Directions: Reproduce exactly only the lines from the line that holds "Scorecard Olde Hickory Golf Country Club" to the line that holds "Ticket to the Uffizi Gallery", inclusive, in the listing below, and please leave out every picture.

Listed records:
****************************************

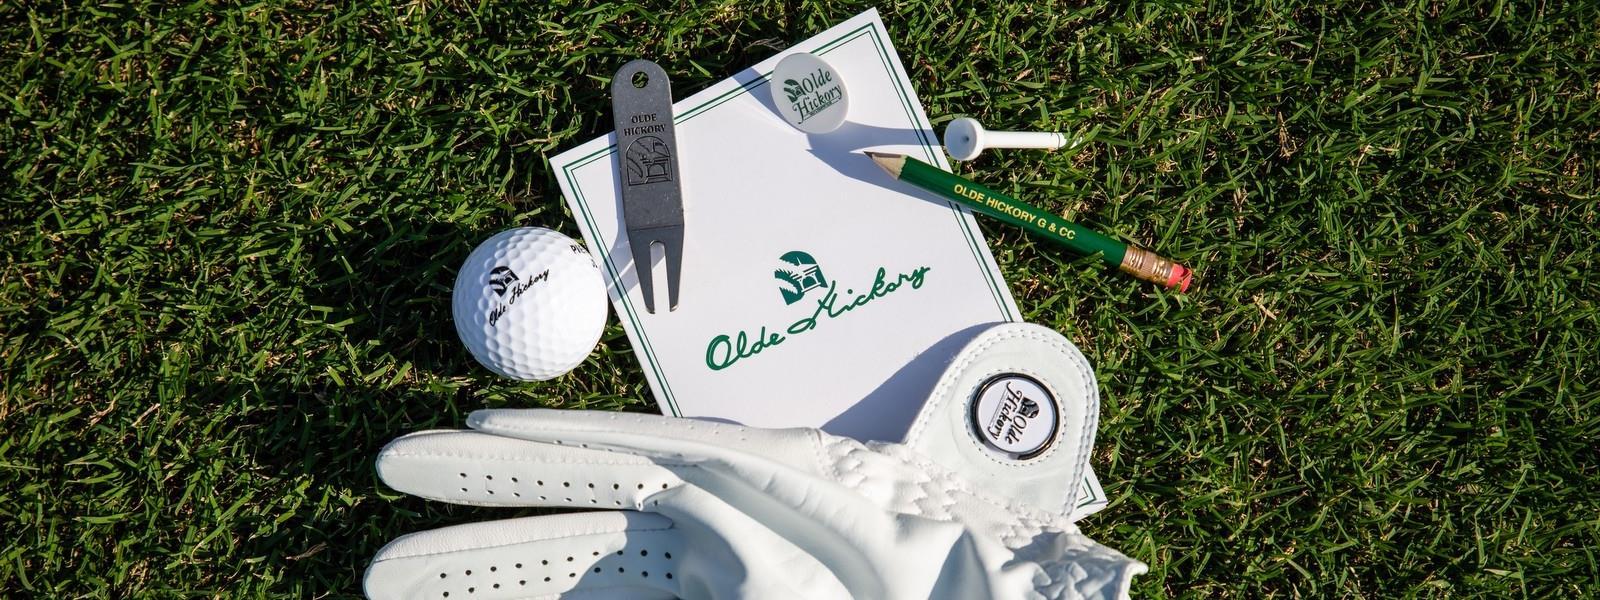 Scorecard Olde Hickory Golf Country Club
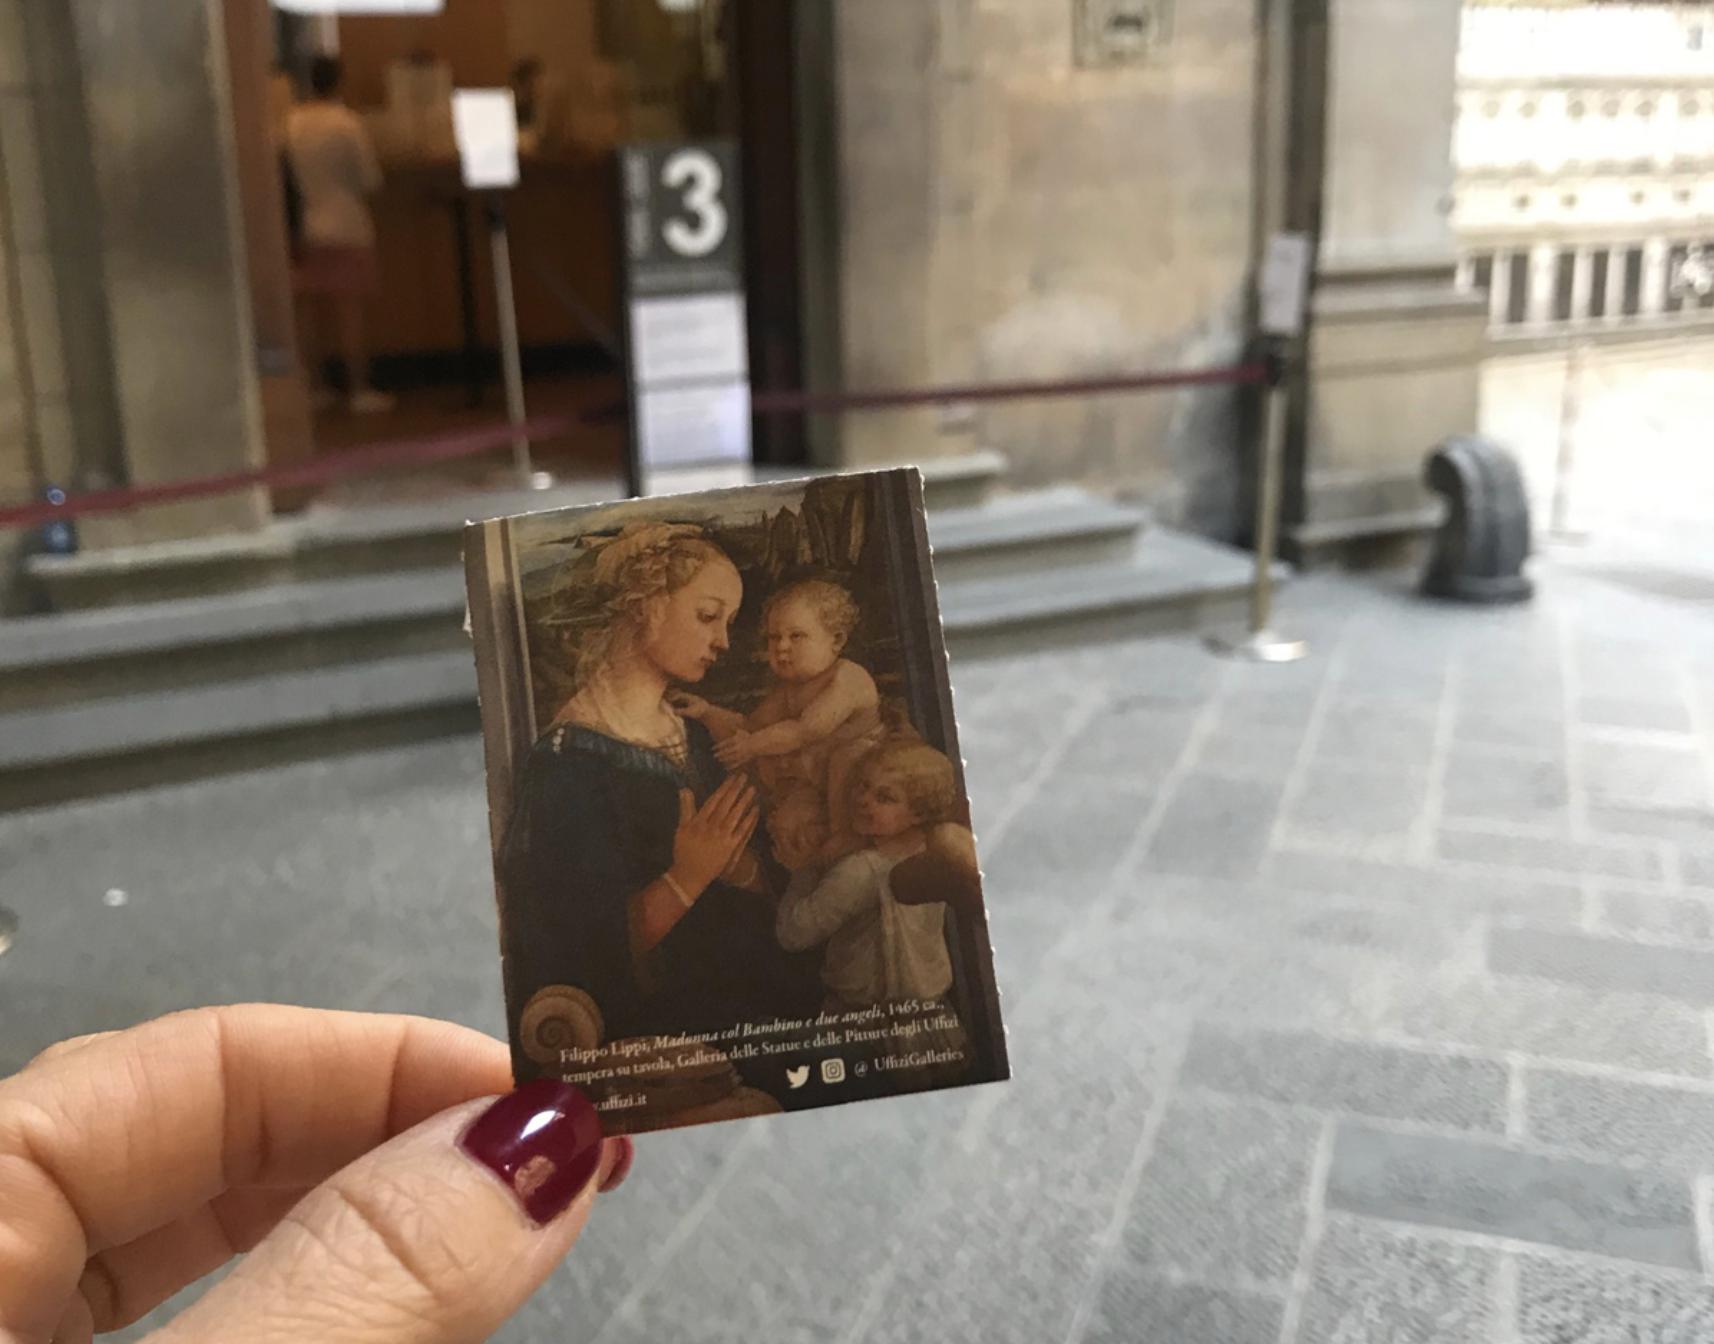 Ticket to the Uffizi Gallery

****************************************

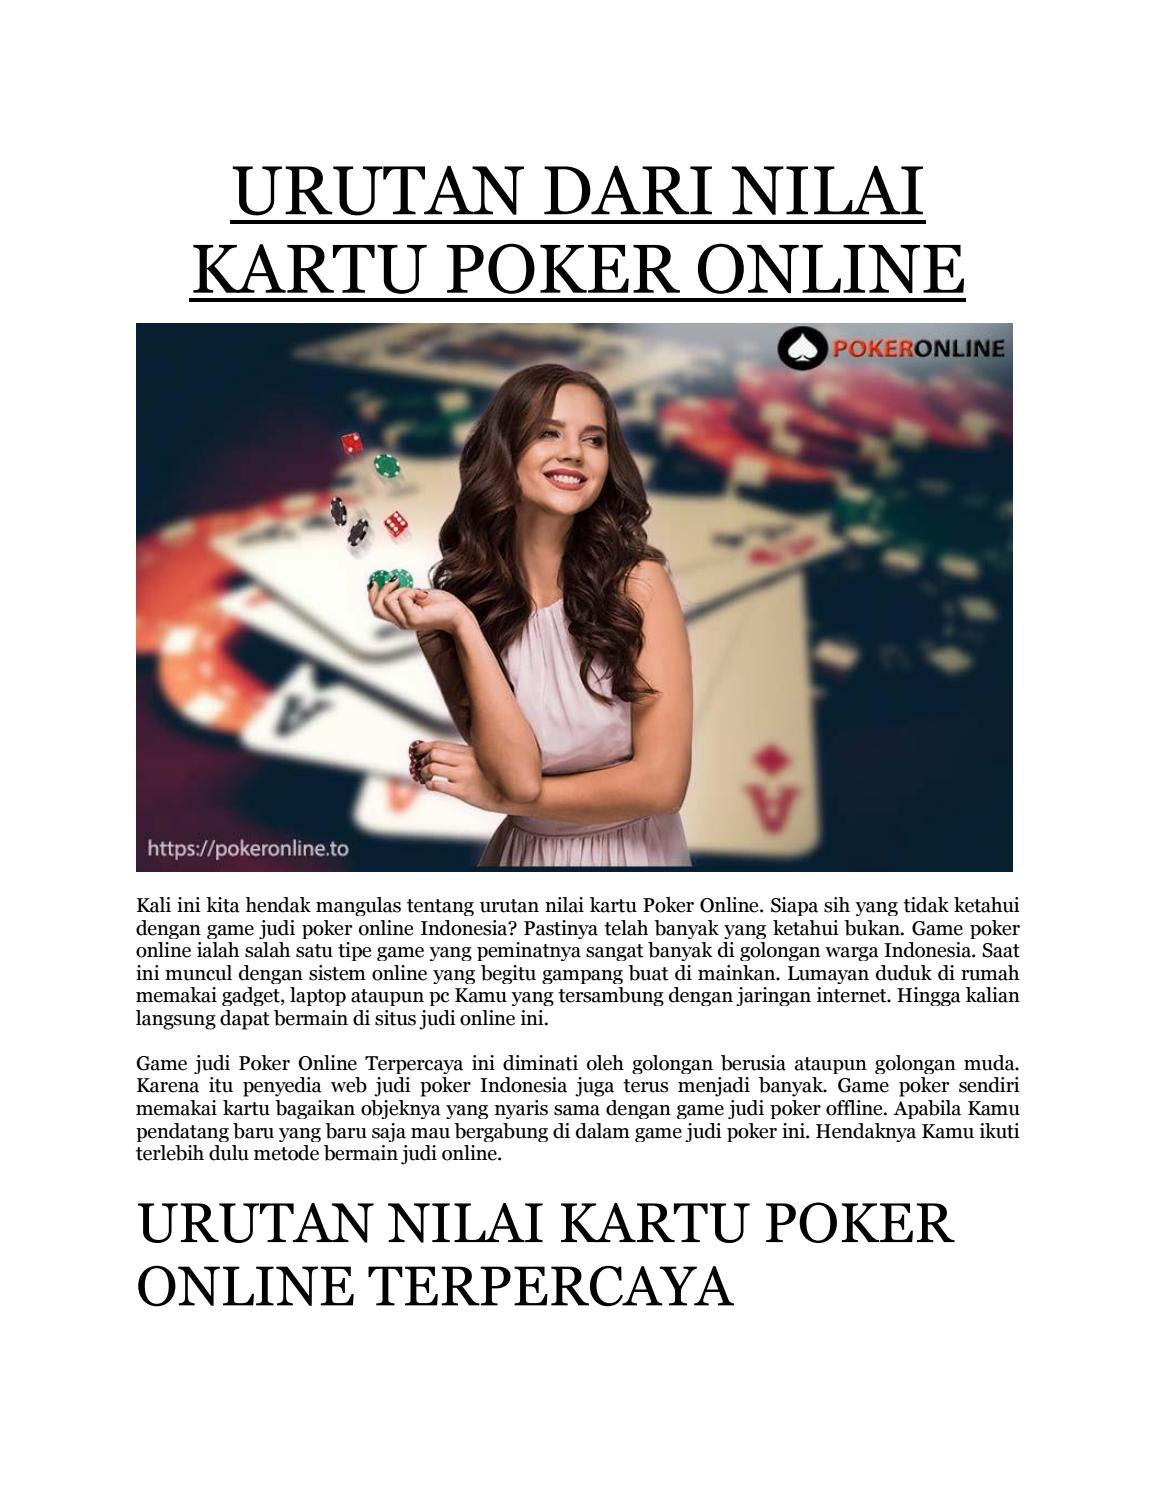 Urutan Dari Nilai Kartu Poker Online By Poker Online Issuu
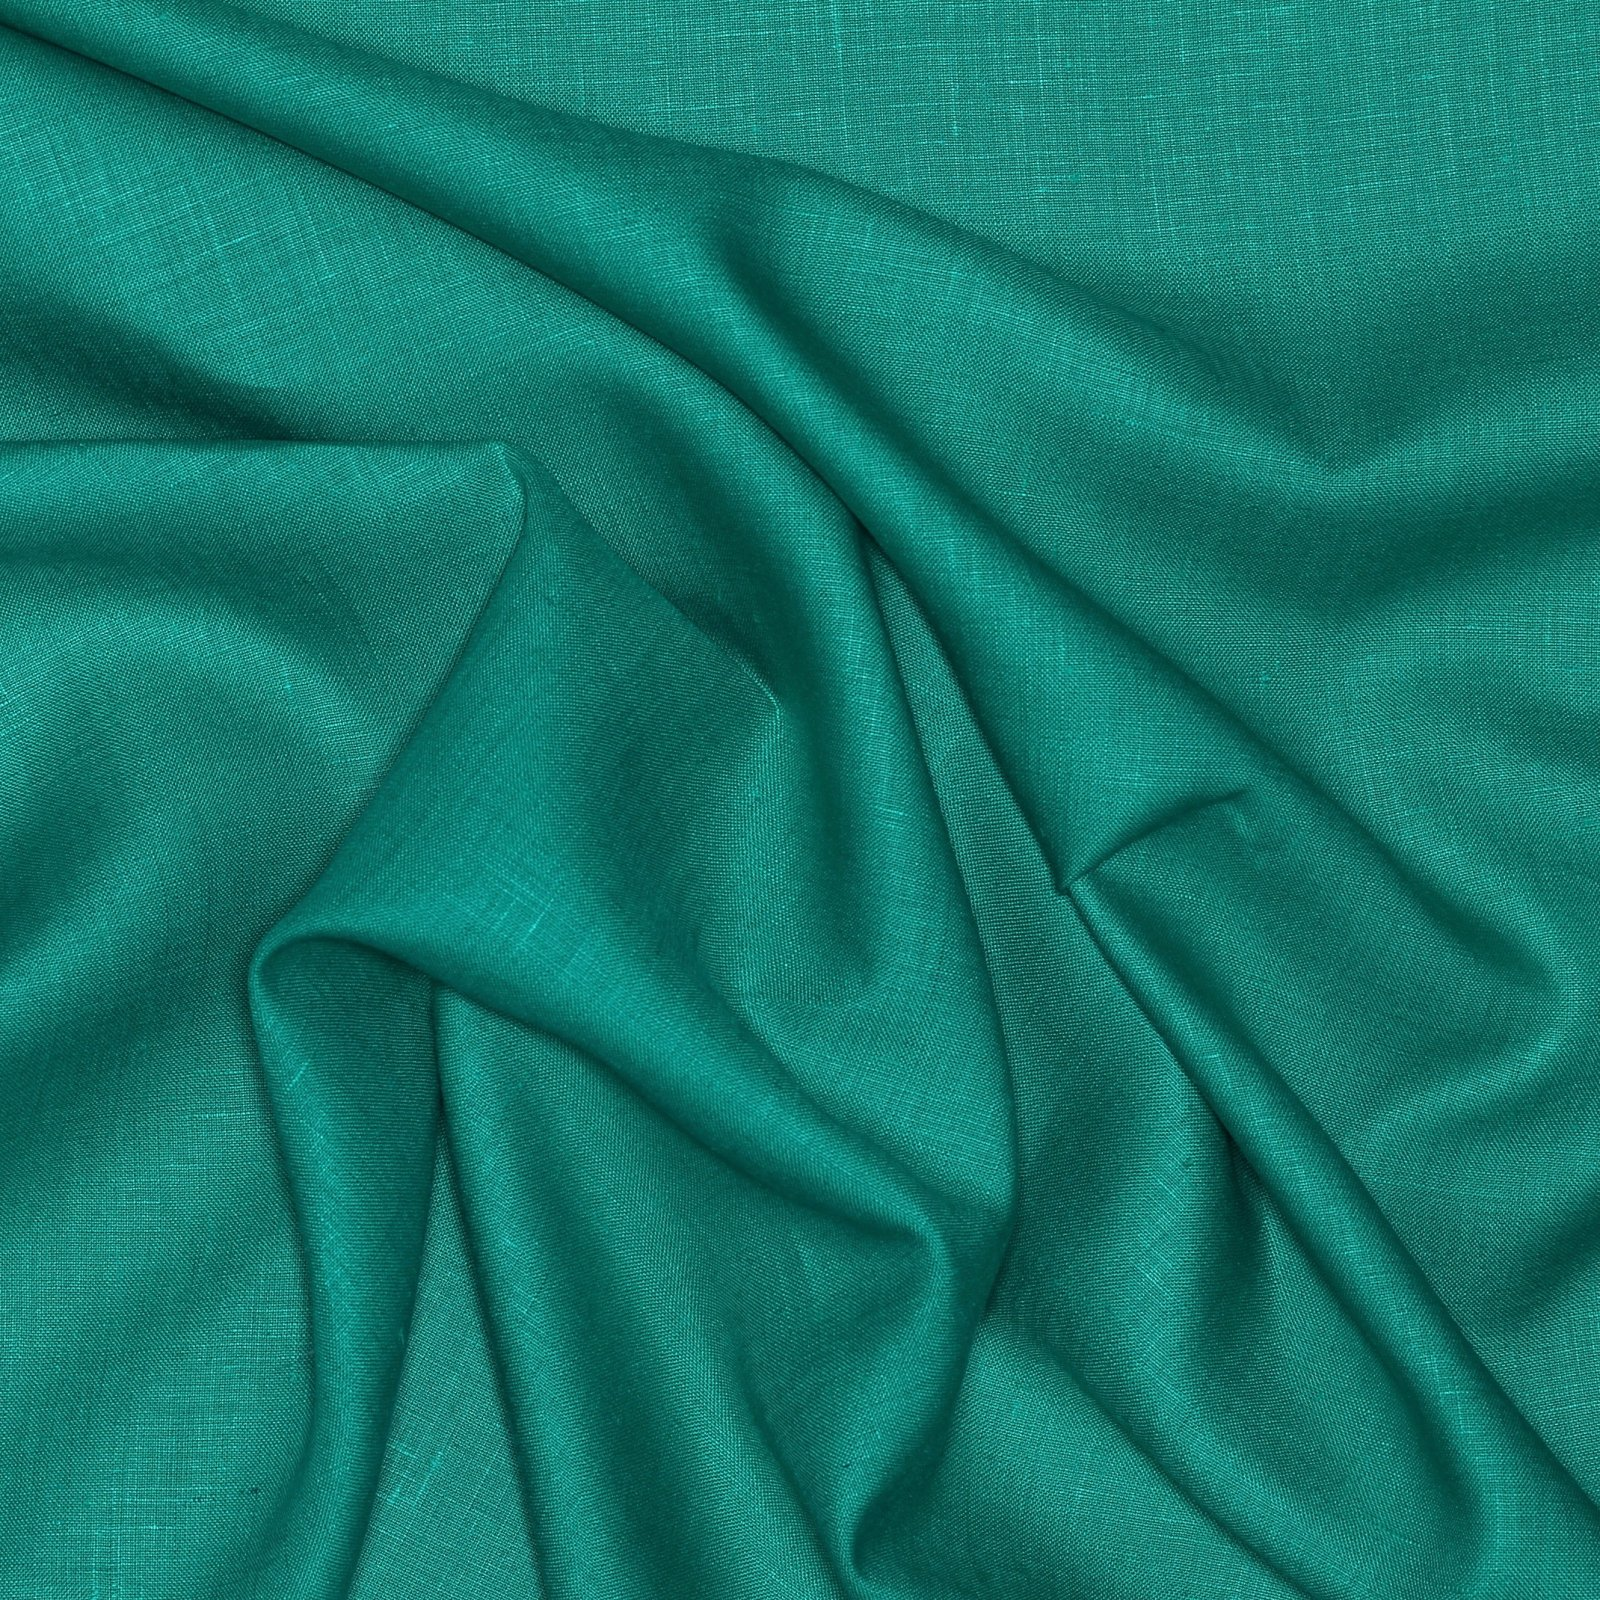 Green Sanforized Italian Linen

****************************************

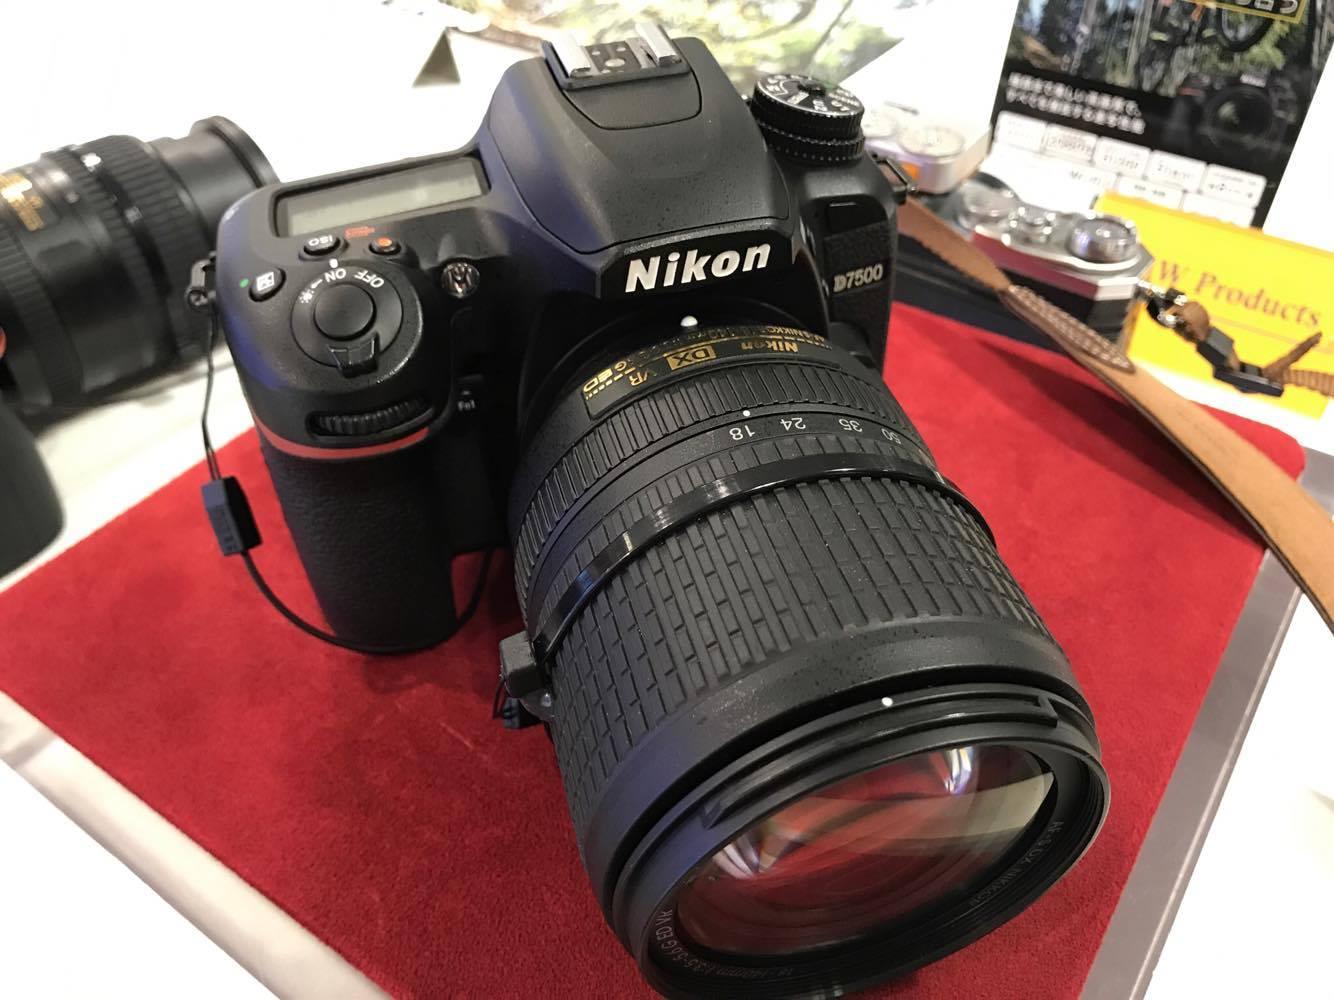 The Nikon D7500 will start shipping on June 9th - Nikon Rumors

****************************************

The answer:
 Scorecard Olde Hickory Golf Country Club
 Ticket to the Uffizi Gallery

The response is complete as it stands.